In other words, as we, Jews, know, G-d’s presence cannot be either confined to or openly manifest itself in our physical world. The intention, the nature and the purpose of the House G-d wishes the Yisraelits to build for Him can be found in Deuteronomy 12:22: “Then there shall be a place which the Lord, your G-d shall choose to cause His name to dwell there.” The name will be the essence of that House, we are told.

Some may stop and ask, why does G-d put forth so much detail when He describes what some may consider a very elaborate and complicated plan? The Yisraelites would surely have other issues to address when they come to Eretz Yisrael. They will have to run an orderly society. They will have to establish a proper judicial system, they will have to have a strong army, fight enemies (as their name Yisrael suggests) and many other matters. Surely, G-d could have built that House merely by speaking. After all, did He not create a whole universe purely by His exclamations?

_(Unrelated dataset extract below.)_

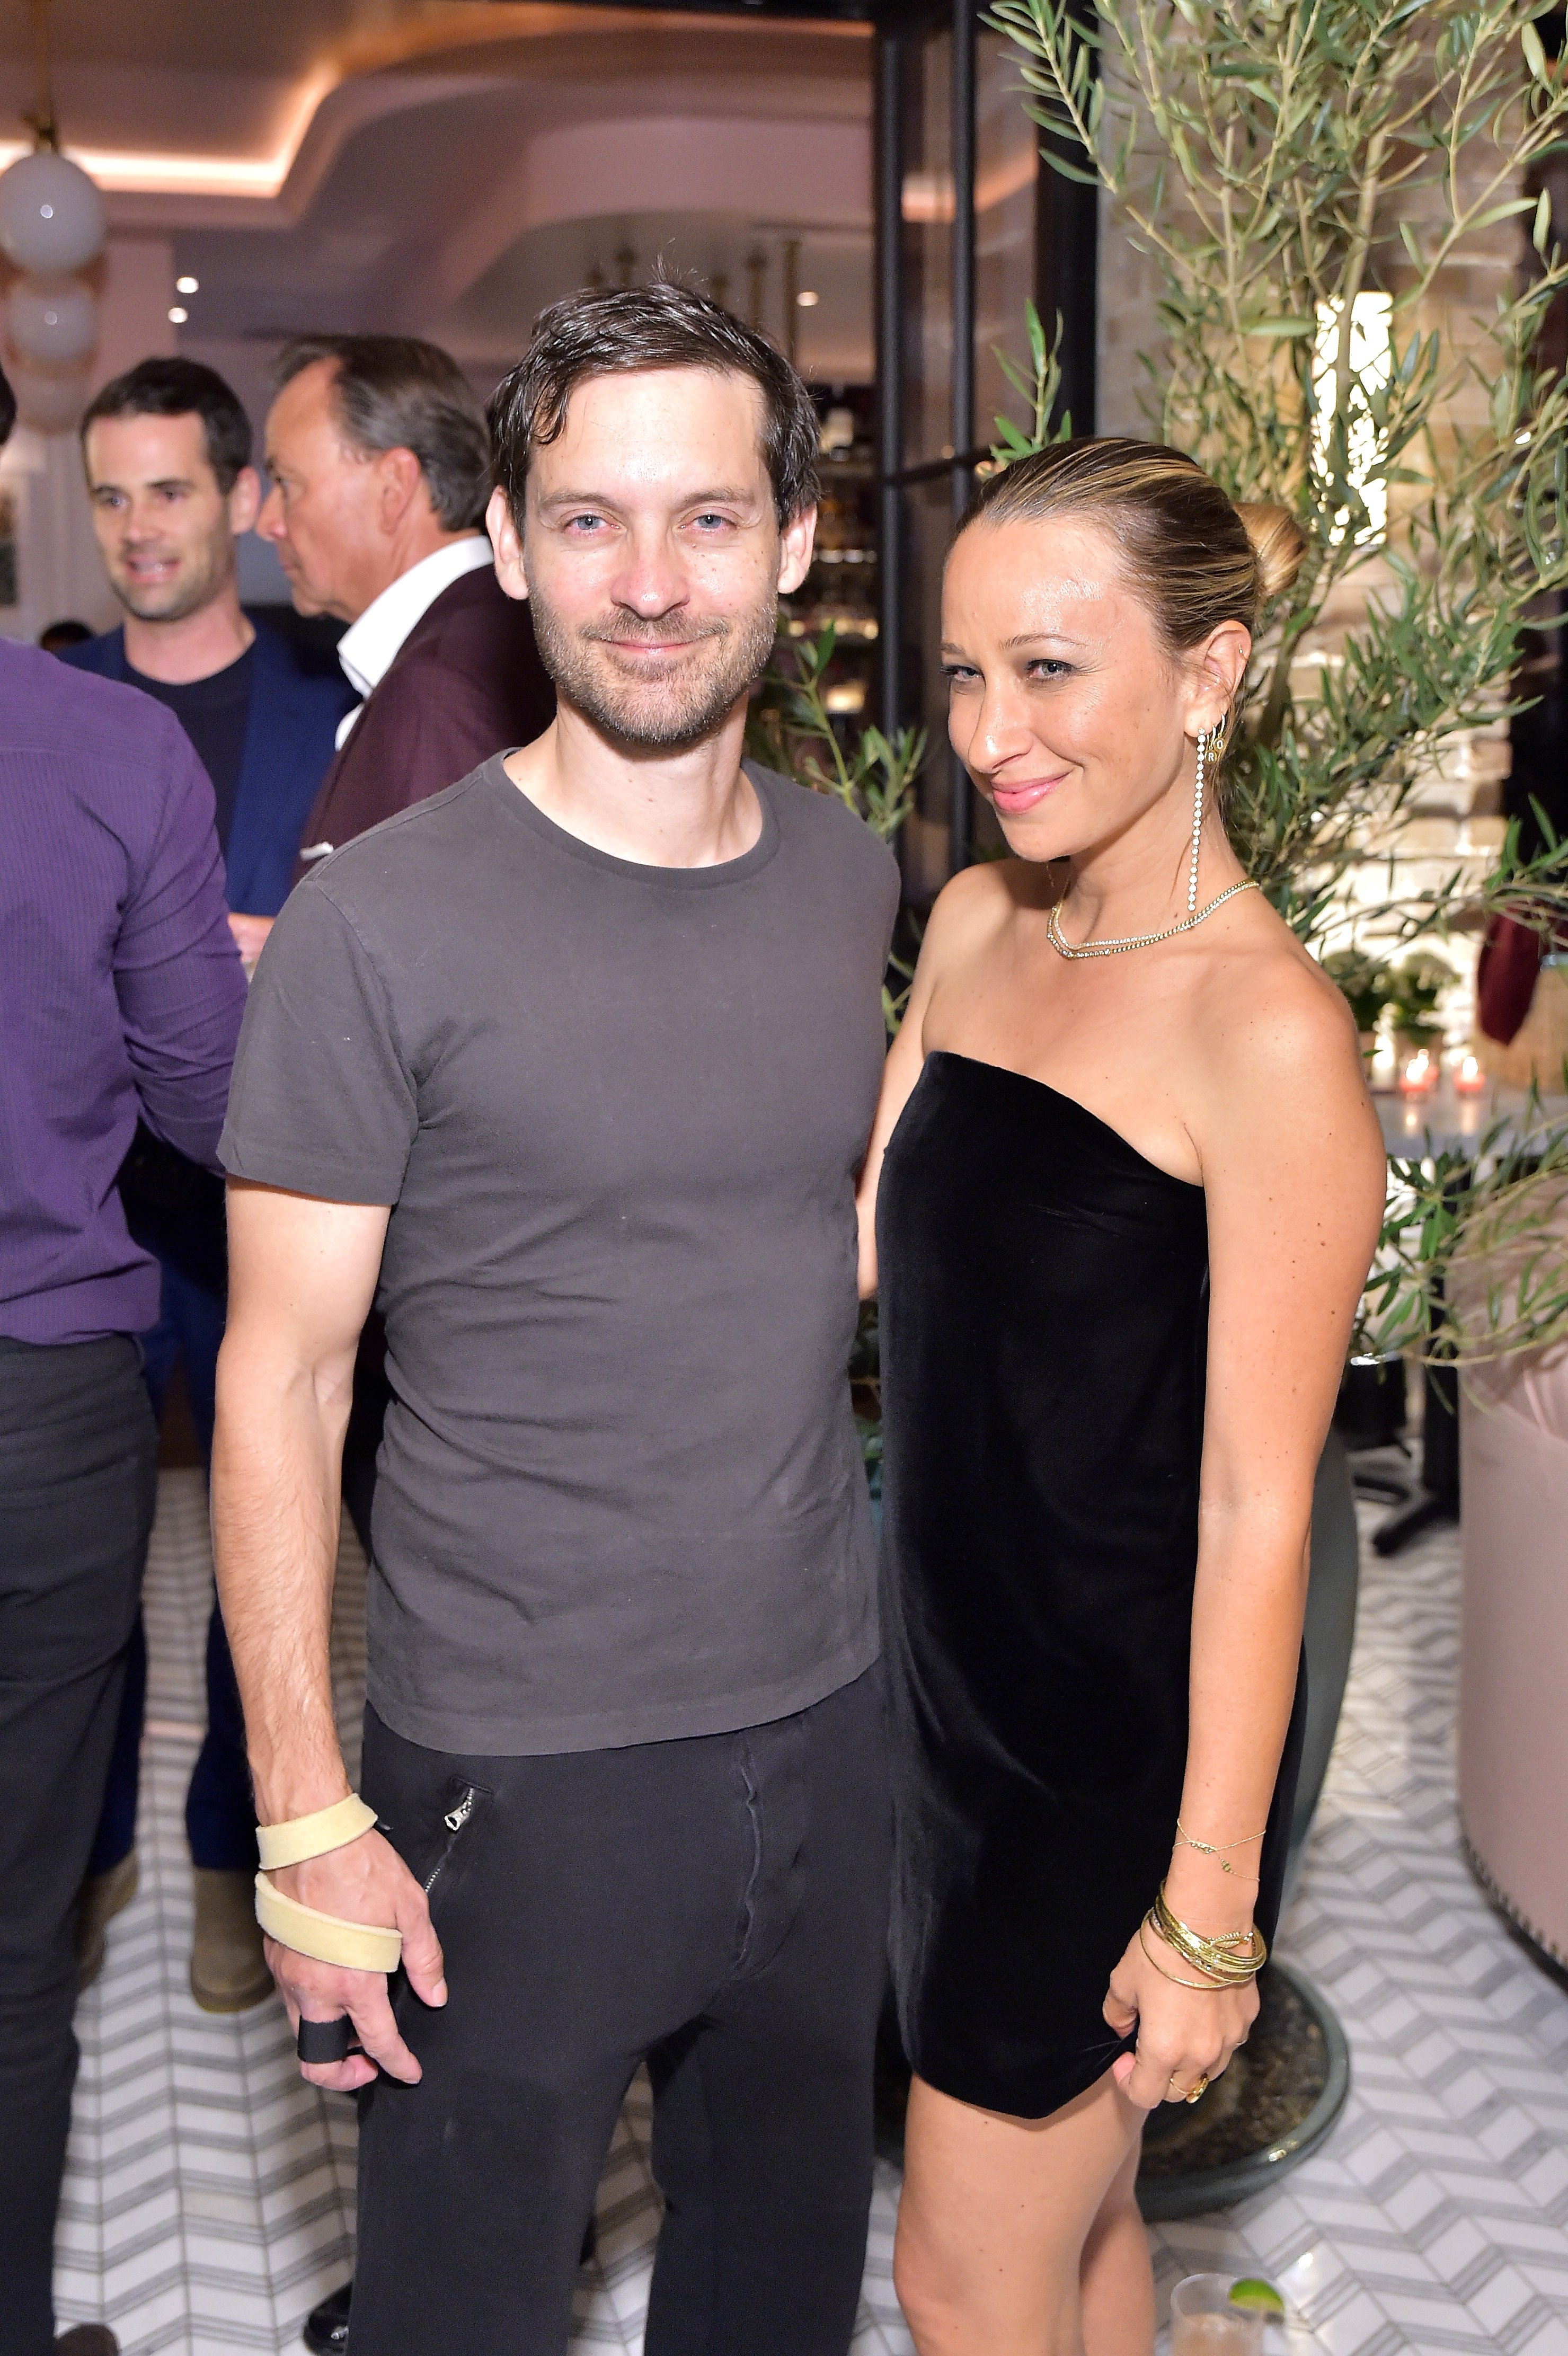 Tobey Maguire attend Jennifer Meyer's celebration of her first store opening in Palisades Village on October 17, 2018 in Pacific Palisades, California.  | Source: Getty Images

And that is where the Terumah, contribution, comes into the picture.

G-d does not merely wish to have a House among the Yisraelites, a House that will bear His name. G-d wishes each and everyone of them to be part of this grand master plan. He asks every single member of their People to contribute, each in their own way, towards it. That way they will not be merely spectators, they will become part of it. They will help create it. Creators cannot separate themselves from their creation. This way, G-d wishes to ensure that He will not only dwell in His House but also in them, in their hearts and in their essence

That is why, I believe, the Zohar, as mentioned above, defines, Terumah also as “lifting up.” When G-d dwells in each and everyone of us, our soul is enriched by invisible wings which lift us and enables us to soar to blessed and blissful spheres which, in many cases, our daily burden bars us from reaching. It brings us closer and closer to what G-d has destined us to become “a Goy Kadosh,” “A Holy Nation.”

Shabbat Shalom

Saturday, 2 February 2019

Na'aseh V'Nishma

This week’s Parasha is Mishpatim. Am Yisrael is at the foot of Mount Sinai and is receiving G-d’s Laws.

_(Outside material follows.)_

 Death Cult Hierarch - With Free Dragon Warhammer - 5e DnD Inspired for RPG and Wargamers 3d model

I have been to Mount Sinai. I stood on top of it where Moshe received the Torah and where G-d revealed Himself to Am Yisrael. G-d did not appear to them in any shape or form, merely in a spectacular scene in the configuration of sounds, lights, torches and the reverberation of the Shofar. "וְכָל הָעָם רֹאִים אֶת הַקּוֹלֹת וְאֶת הַלַּפִּידִם וְאֵת קוֹל הַשֹּׁפָר וְאֶת הָהָר עָשֵׁן וַיַּרְא הָעָם וַיָּנֻעוּ וַיַּעַמְדוּ מֵרָחֹק" (Exodus, 20; 14).  This dazzling audio visual spectacle must have had a profound effect on those witnessing it for according to the Hebrew quote above, they “saw” the sounds. The root Re’eh, Reish Alef, Hey  ר,א,ה  also appears in the Tanach in the context  of “understand.” They internalized the divine message and acknowledged it by pledging, “Na’aseh Ve’nishma.” We shall do and we shall hear.

What a sight, what an emotional upheaval it must have been for those present. When I stood on top of that mountain and looked down at the valley underneath where all of Am Yisrael was gathered, I closed my eyes for a brief moment. I was one of them. I could feel the surge of their emotions, the quivering of the foundations of their being, their joy, their ecstasy and the reflection of awe in their eyes. I could feel the words and the sounds that they witnessed as they were being etched on the walls of their essence, an imprint that has been passed on to us, their descendants.
Standing there, I felt proud, very proud, for yet another reason.

The exact number of those that came out of Egypt is not clear. We do know, however, that there were at least 600,000 men among them. So one can safely surmise that there were at least 600,000 witnesses to what I described above, witnesses to their covenant with the G-d of Avraham, Yaakov and Yitzchak.

 Now, what other religion, especially among the monotheistic ones, can claim such a widespread testament to validate that experience? And we all know that there is credibility and authority in numbers. 

With all due respect to other religions where Divine revelation rendered itself to one individual, I am very glad that to our covenant there were so many witnesses! It certainly sends a strong message out.

And, as a Jew I am honoured to be one of its carriers.